Migrating Safety Runtime Code from TensorRT 10.x to 11.x#

This page describes how to update safety runtime code when migrating from TensorRT 10.x to 11.x.

The most significant change is the removal of frontend safety scope validation. In 10.x, the builder performed a static pre-build check against a “Minimal Safety Scope” allowlist before engine building began. In 11.x, this check is removed and the build-time compiler is the sole authority for safety scope enforcement. As a result, safety build errors now appear as tactic failures with layer-level traceback rather than pre-build scope rejections.

This shift affects builder flag usage, the behavior of isNetworkSupported(), error handling patterns, and trtexec command-line options. The kernel checker tool also gains MLIR validation in this release. Each section below pairs 10.x and 11.x C++ snippets where applicable.

Important

This section is only applicable when using the TensorRT 11.x safety runtime, which is only available on NVIDIA DriveOS 7.x.

Adapting to Build-Time Safety Scope Validation#

TensorRT 11.x removes pre-build safety scope validation and relies exclusively on build-time enforcement. In 10.x, setting BuilderFlag::kSAFETY_SCOPE triggered a pre-compile check against a static “Minimal Safety Scope” allowlist. In 11.x, this pre-build check is removed and the safety scope is now enforced entirely during engine building.

Update your code in three areas: builder configuration, build failure handling, and isNetworkSupported() usage.

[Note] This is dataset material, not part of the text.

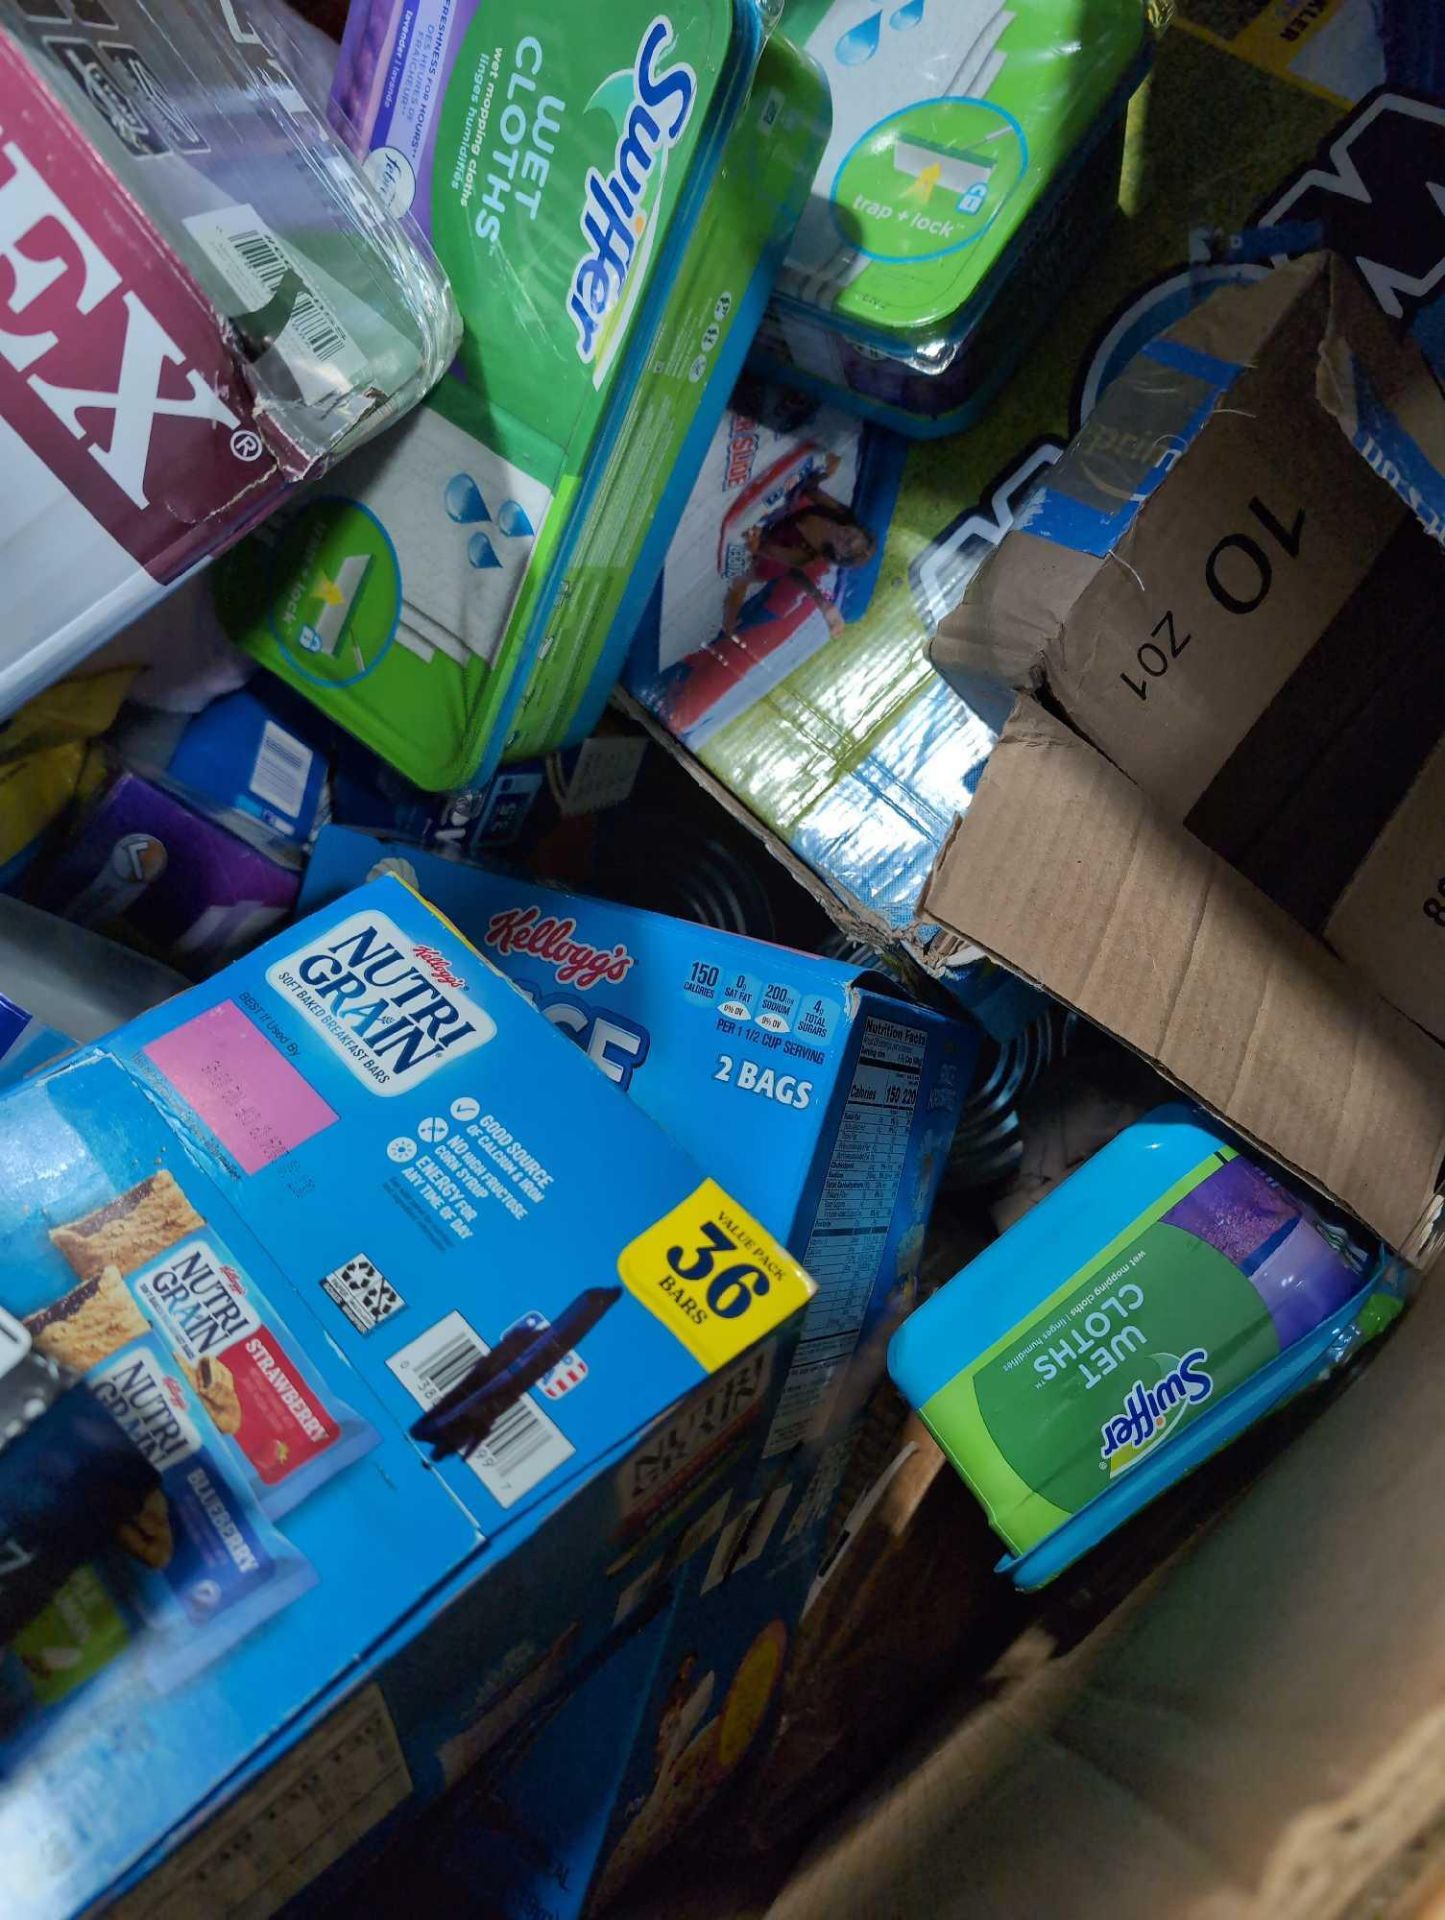 Big box store in a box, pampers, Sheets, Blanket, Intex blow up bed, swiffer wet cloths, gold fish, - Image 20 of 20

`BuilderFlag::kSAFETY_SCOPE` is Deprecated#

BuilderFlag::kSAFETY_SCOPE is retained for API compatibility but has no effect in TensorRT 11.x. Setting it no longer triggers pre-build validation. You can leave existing calls in place or remove them; either way, the flag is silently ignored.

Before (TensorRT 10.x)#

config->setFlag(BuilderFlag::kSAFETY_SCOPE);
// Triggers static per-layer supportsSafety() checks before engine building.
// Returns an error at network definition time for out-of-scope layers.
auto serialized = builder->buildSerializedNetwork(*network, *config);

After (TensorRT 11.x)#

// kSAFETY_SCOPE is now a no-op. Remove it or leave it - it has no effect.
// Safety validation occurs exclusively at build time.
auto serialized = builder->buildSerializedNetwork(*network, *config);

Summary of Changes#

BuilderFlag::kSAFETY_SCOPE is deprecated and ignored.
Safety build failures now surface as build-time tactic errors (for example, No tactic available) with layer-level traceback, rather than pre-build scope errors.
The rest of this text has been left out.